Well, they have 570,000 troops three years ago to pivot with, and now they have 450,000 or 420,000 to pivot with.
It's easy for them to talk about how they need to pivot to here or there or somewhere else, but you can't do it without an army.
And we're at the lowest levels, deployment levels that we've had now in the last two decades.
So, you know, they can talk about pivoting to Africa all they want, but there's not much to pivot with.
That's not true for the Air Force and the Navy.
We run, we keep the sea lanes open.
The U.S., there's just no competition for the U.S. Navy and there's no competition for the U.S. Air Force.
We could defeat the Egyptian Air Force before breakfast and we could defeat the Chinese Air Force in about three days.
So this isn't really a controversy unless you're in the army and you're looking at troop levels and you're looking at parts of the budget pie.
That's what they're really worried about is the cutback to their money that they're getting from the Pentagon for their programs.
And to do that, they have to argue that there might be real problems in Africa or there are other problems in Iraq and Afghanistan.
But the American people, and certainly this was true for Bob Gates, they just don't buy it.
Yeah, well, they shouldn't.
All right.
Well, thanks very much for your time.
It's a fascinating portrayal of life inside the officer corps up there in the Pentagon and the incentive structures that they work under and all the rest of it.

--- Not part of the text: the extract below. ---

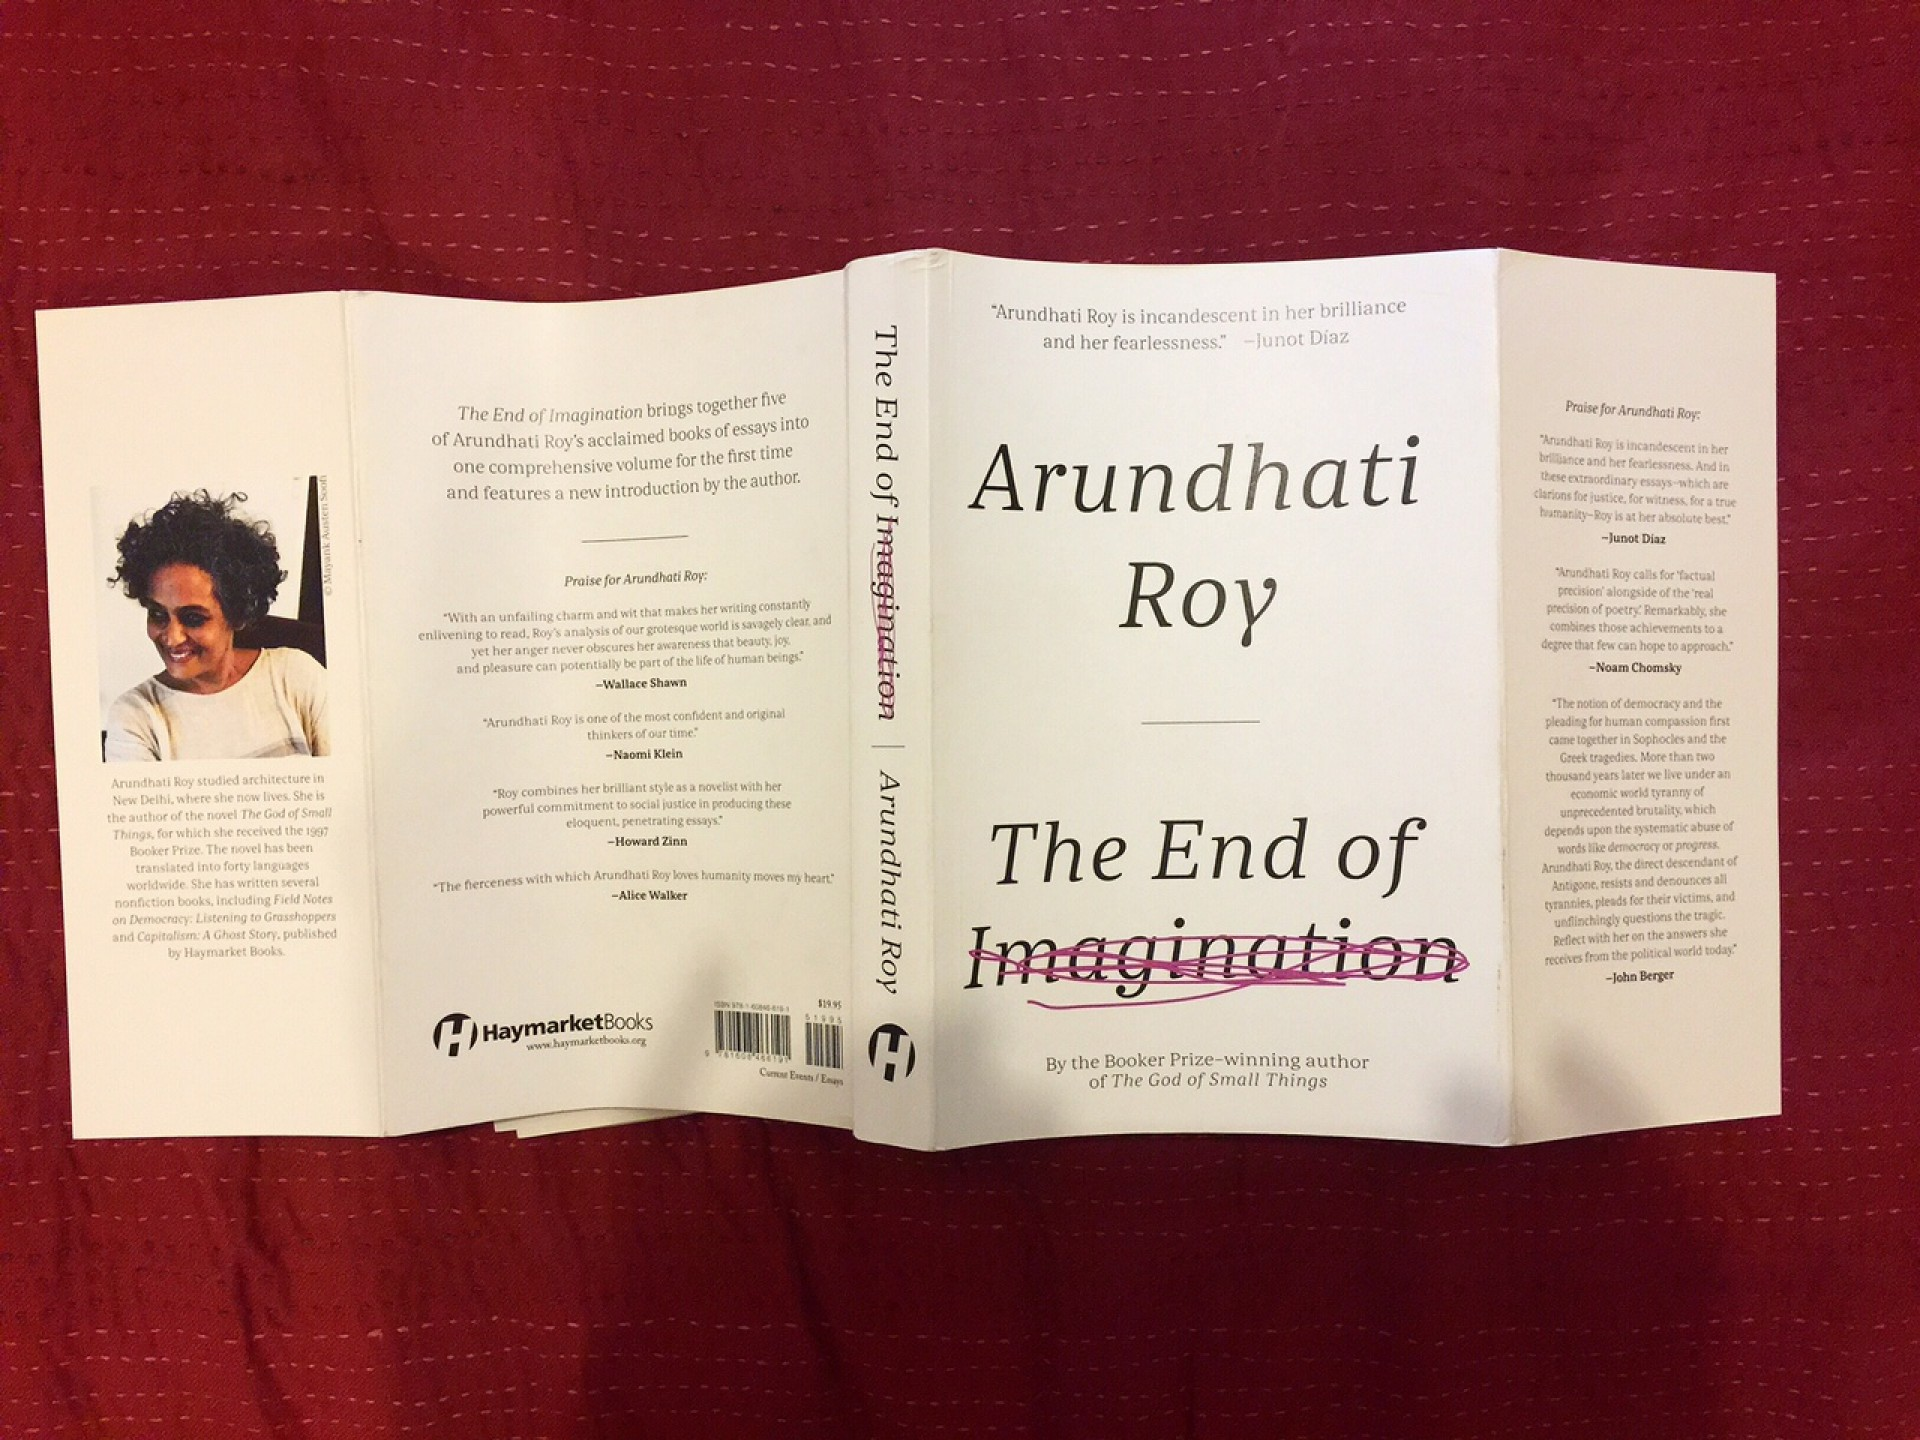 011 Essays By Arundhati Roy Img 3699 Essay Sensational 1920

It's really something to behold.
So thanks very much for writing it and coming on the show.
Talk about Mark.
Always my pleasure, Scott.
Thank you.
Great.
Appreciate it.
All right.
That's Mark Perry.
He lives in Arlington and writes for all different places, foreign policy.
Al Jazeera.
Here he is at Politico magazine, the Pentagon's fight over fighting China.
And his book is Four Stars, the inside story of the 40 year battle between the Joint Chiefs of Staff and America's civilian leaders.